Today: Mar 28, 2024

SCSU grad shares his story to raise HIV awareness at SAGE event

Aaron Berkowitz – News Writer 

The university’s SAGE Center hosted an open dialogue in the student center’s ballroom, where former student Kyle Rodriguez, shared his experience after being diagnosed with the HIV virus to help raise awareness for the disease.

“I have to take meds everyday but luckily the strain of HIV that I have only requires me to take a one time a day pill. Some people I know have to take it three times a day,” said Rodriguez. “The first week of taking it I had side effects, I would get an upset stomach, but now it’s like taking a vitamin. The medicine really works.”

He said this was his first time publicly sharing his story since he was diagnosed in 2013 and he’s fortunate to have his set of close friends and mother as his support system.

“My mother was the first person that I called when I got the results back from the doctor,” said Rodriguez. “She told me ‘It’s okay baby, we’re going to get through this together.’”

He described the timeline of when he was diagnosed until present day as a learning experience because he still finds himself learning how to live with HIV.

“I’m still dealing with it because I am now at greater risks for getting certain illnesses and it’s something that I have to always consider,” said Rodriguez.

The Center for Disease Control and Prevention’s website said 24 states have laws that require anyone who knowingly has HIV to disclose their status to sexual partners and 14 states require disclosure to needle-sharing partners. 25 states criminalize one or more behaviors that pose a low or negligible risk for HIV transmission.

Rodriguez said he never found out who infected him and he hasn’t reached out to his past sexual partners yet, despite many states and cities having partner-notification laws — meaning that, if tested positive for HIV, there may be a legal obligation to tell all sexual partners, according to aids.gov.

However, since being diagnosed Rodriguez has begun to disclose his HIV status with his partners to make sure they are aware. He said he’s received a negative response on an occasion, but he is currently dating someone who didn’t judge him for having the disease. Instead, Rodriguez is judged by his character.

“It’s something that bothered me at first and it was really embarrassing because it made me realize that I was really that promiscuous, but I’m kind of glad that I didn’t know because I probably would have flipped out and done something,” said Rodriguez.

According to aids.gov, an estimated 14 percent of those people who are infected with the virus don’t know they have it.
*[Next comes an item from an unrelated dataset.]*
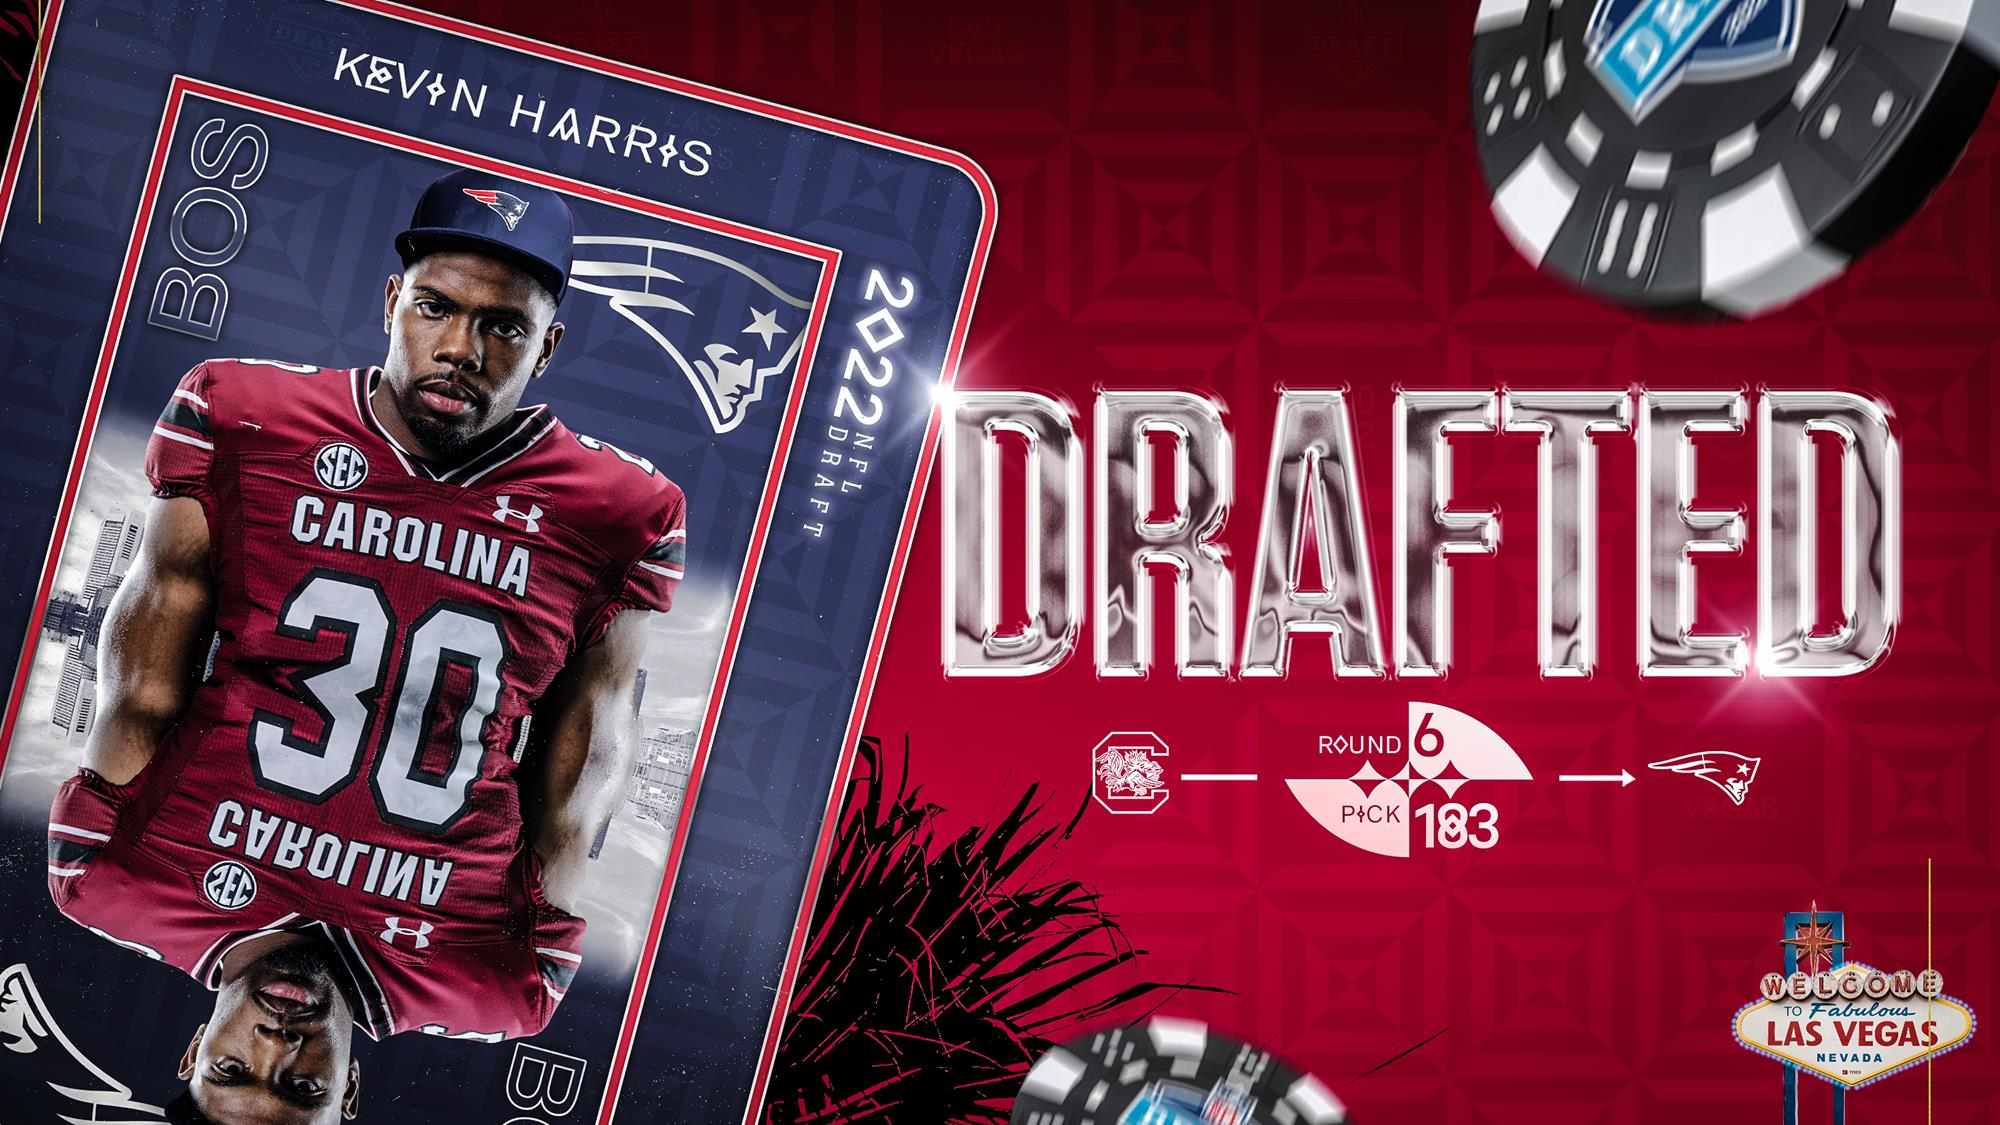 Harris Selected by New England in the Sixth Round of the 2022 NFL Draft

The site mentions that most health centers will assist in contacting past sexual partners. They will contact partners at risk of being infected with HIV to attempt to prevent further spreading of the disease; the name of the person who tested positive in the first place will remain anonymous.

Lauren Todd, graduate intern in the SAGE center, said her staff is teaming up with Aids Project New Haven to hold confidential HIV testing in Southern’s academic Quad from 12-3 p.m. on April 15. The process for getting results will take roughly 20 minutes and the staff is offering pre/post counseling for those who are tested.

“This issue is especially important to be aware of being that we’re on a college campus,” said Todd.

The CDC’s website said people from ages 13-24 account for an estimated 26 percent of all new infections of HIV in the US.

Gay and Lesbian Advocates Defenders website said it is very important for anyone with the disease to inform past and present sexual partners about their HIV status.

Rodriguez said his HIV status doesn’t define who he is as a person or what he will accomplish in life and he hopes to form a support group where others who have the disease and are around his age can discuss their commonalities.

“The more energy you put into a problem, the bigger it gets,” said Rodriguez. “I just want to show people that just because you test positive doesn’t mean that your life is over. You can still accomplish great things. Stereotypes about people who come from a low-income household say that I am supposed to be either dead or in jail and I am neither of those.”